Once inside, she said, he yelled at her after she rebuffed his advances - calling her “ungrateful” after he had treated her “like a princess” by paying for her food and drinks that night.
“I have never been shouted at like that before ever, by anyone,” she told the court. “I was really scared and upset.”
The woman said she tried to leave the motel but had left her bag, containing her keys, wallet and passport at the Mount Eden bar. Kempson refused to drive her back to the bar or home.
She tried calling the bar, her mother, and a friend, but the calls did not connect. She also sent a message to a friend who lived in Mount Eden and wrote: “Please tell me you’re still awake. Please, please, please.”
Kempson then raped her, she said, as she cried and tried to sleep fully clothed on the opposite side of the bed.

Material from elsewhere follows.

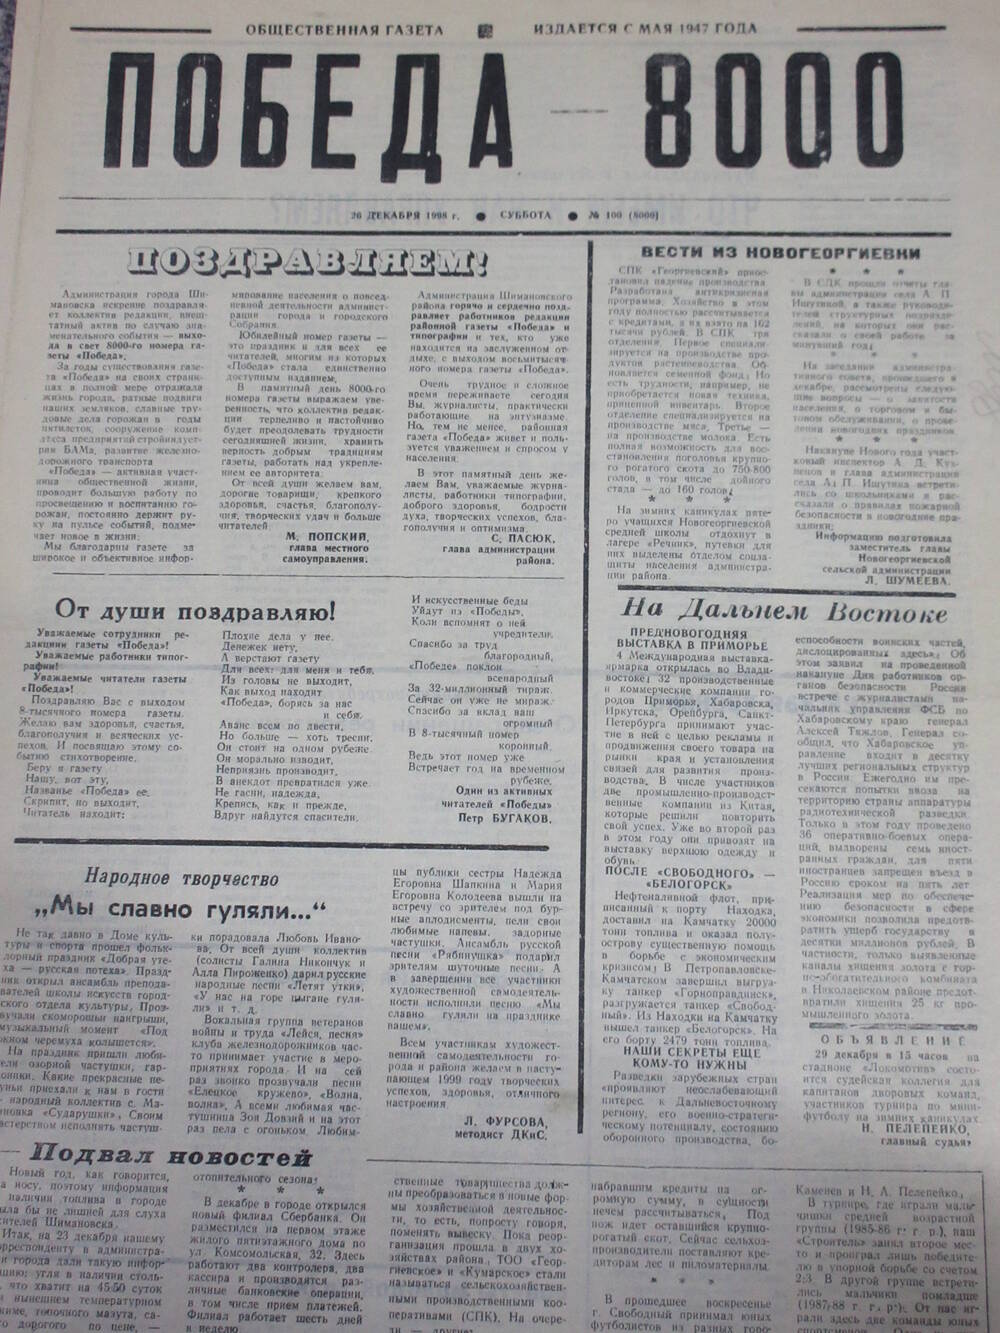 Газета Победа города Шимановска - вышедший в свет 8000 номер газеты

She never saw him again after the following morning, when he took her to retrieve her bag from a bar they had been to, then dropped her off in a supermarket carpark.
In today’s decision, Justice Gendall said: “This is not a case of reluctant or regretted consent, nor a case where consent was withdrawn partway through sexual activity ... Nothing in the evidence suggested an inference of consent on the part of [the victim], either reluctant or otherwise.”
The judgment said with her decision-making impaired somewhat through alcohol, she felt trapped and without options.
Kempson’s challenge of his conviction and sentence for murdering Millane have also earlier been rejected by the Court of Appeal, while a bid for leave to appeal to the Supreme Court was dismissed in 2021.
He will be 45 years old when he is first eligible for release from prison in 2037.